There are many, many species of algae, Rogers said. Some estimates put the species number to over a million. And while there are harmful algae that produce toxic or harmful effects on people, animals, and ecosystems, most algae are considered beneficial. 

Algae comprise the primary energy and food base for all water ecosystems. They are also used to make biofuels, as a primary ingredient in some meat substitutes, and as a feedstock for bioplastics. What makes algae so attractive in the production of bioproducts, Rogers said, is there is an abundance of them. 

Algae in the atmosphere have been studied for several years, said Rogers, but most research has focused on validating their existence in the air. That leaves much more to be explored, including the impacts of algae on the climate. 

"We know that when algae are blooming, they can cause water issues,” she said. “But we need to be thinking about what algae are putting in the air.” 

Rogers jokes that algae could very well be the world’s future. 

“But I honestly believe that,” she said. “They’re really important.” 

Award-winning work 

Rogers earned her PhD in 2022 at The Ohio State University and is already turning heads across the world for her early-career research on algae. 

She was selected as one of 100 youth leaders worldwide to attend the Our Ocean Youth Leadership Summit in Panama City, Panama. Rogers met February 27–March 1 with other youth leaders to discuss efforts to protect and preserve the ocean. The summit concluded by kicking off the Our Ocean Conference, where she will join global leaders of all ages to discuss how youth-led efforts can offer new ocean solutions. The events are cohosted by Our Ocean Conferences and Sustainable Ocean Alliance. 
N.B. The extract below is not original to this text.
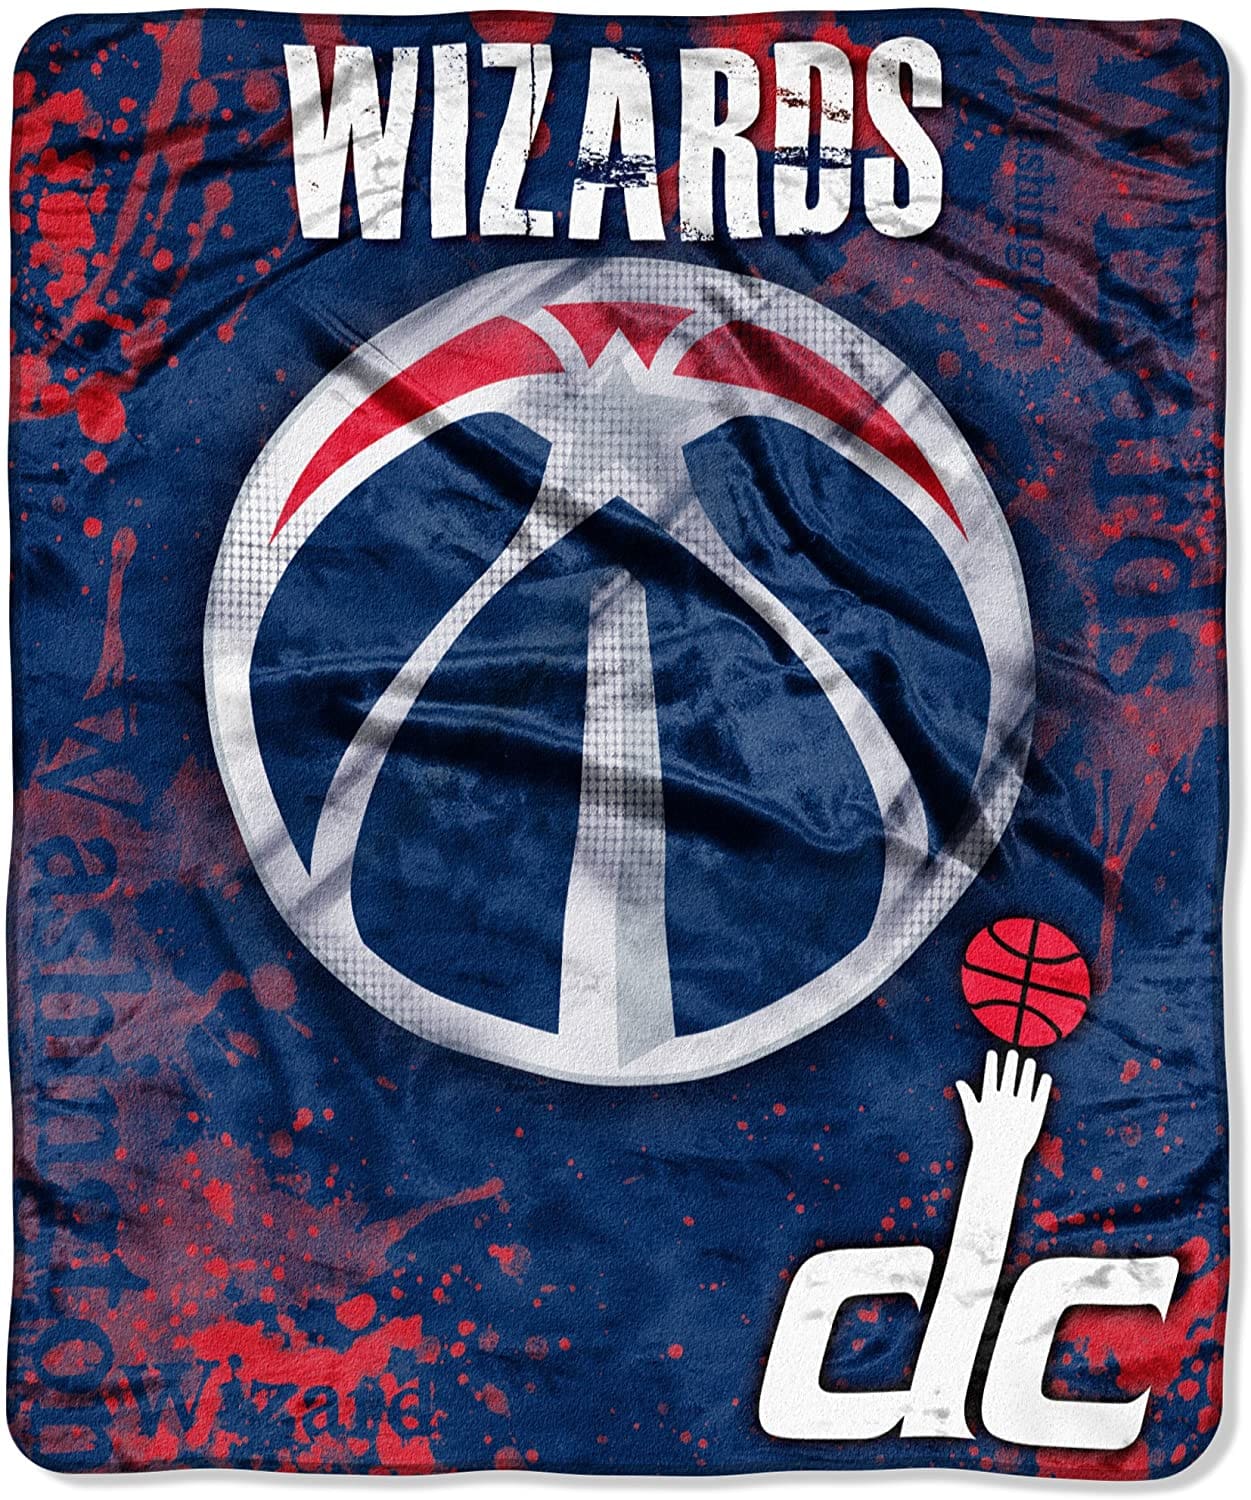 Officially Licensed Nba Throw Washington Wizards Fleece Blanket

Immediately after the conference, Rogers traveled to Miami, Florida, as one of 250 youth leaders to attend the Future Leaders Climate Summit, hosted by the Aspen Institute. During the first part of the conference, Rogers attended the Future Leaders Climate Summit for those ages 18–30 from March 3–6. The conference then transitioned to the Aspen Ideas: Climate Conference from March 6–9. Rogers will have the opportunity to collaborate with youth and other leaders to brainstorm new climate initiatives. 
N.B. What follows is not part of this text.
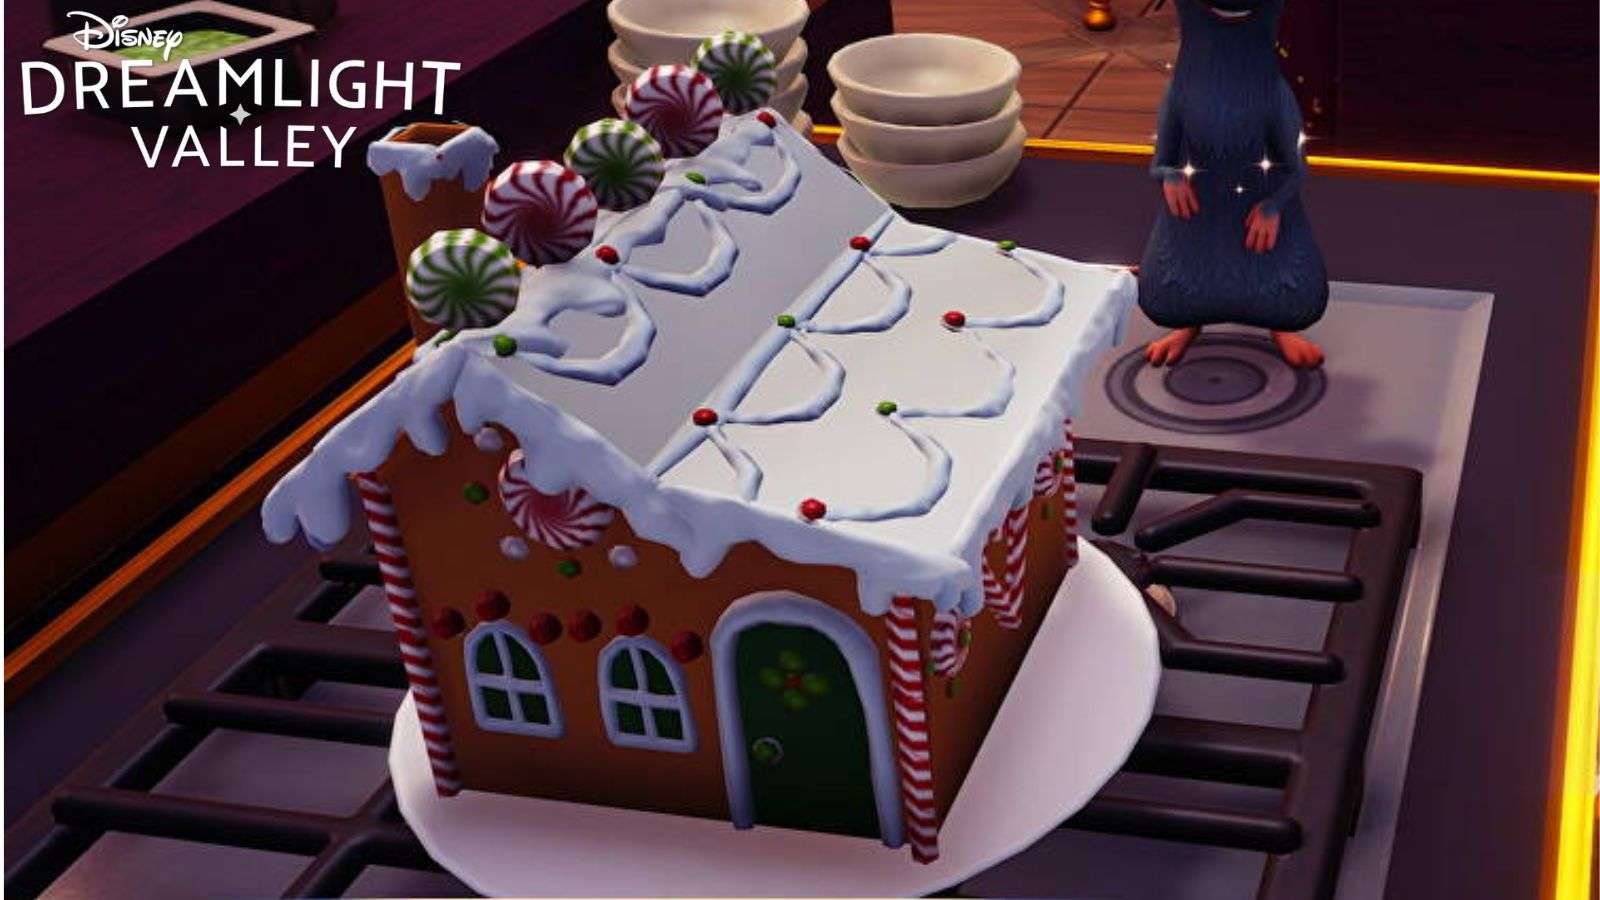 Disney Dreamlight Valley Gingerbread house recipe

“I’m really excited,” she said. “It’s a privilege to be one of so many talented scientists, artists, policy influencers, and others at the summit who are working to protect our oceans and our climate.” 

Finding answers to the tough questions 

There are many complex questions regarding the future of algae—both good and bad. 

In recent years, both beneficial and harmful algae research have increased due to rising temperatures, nutrient runoff to waterways, and extreme weather events like hurricanes―changes that Rogers said have had a significant impact on algae. 

“By pairing the fundamental findings through my research with climate models, we aim to understand what algae are doing to our water sources, our atmosphere, and our climate,” she said.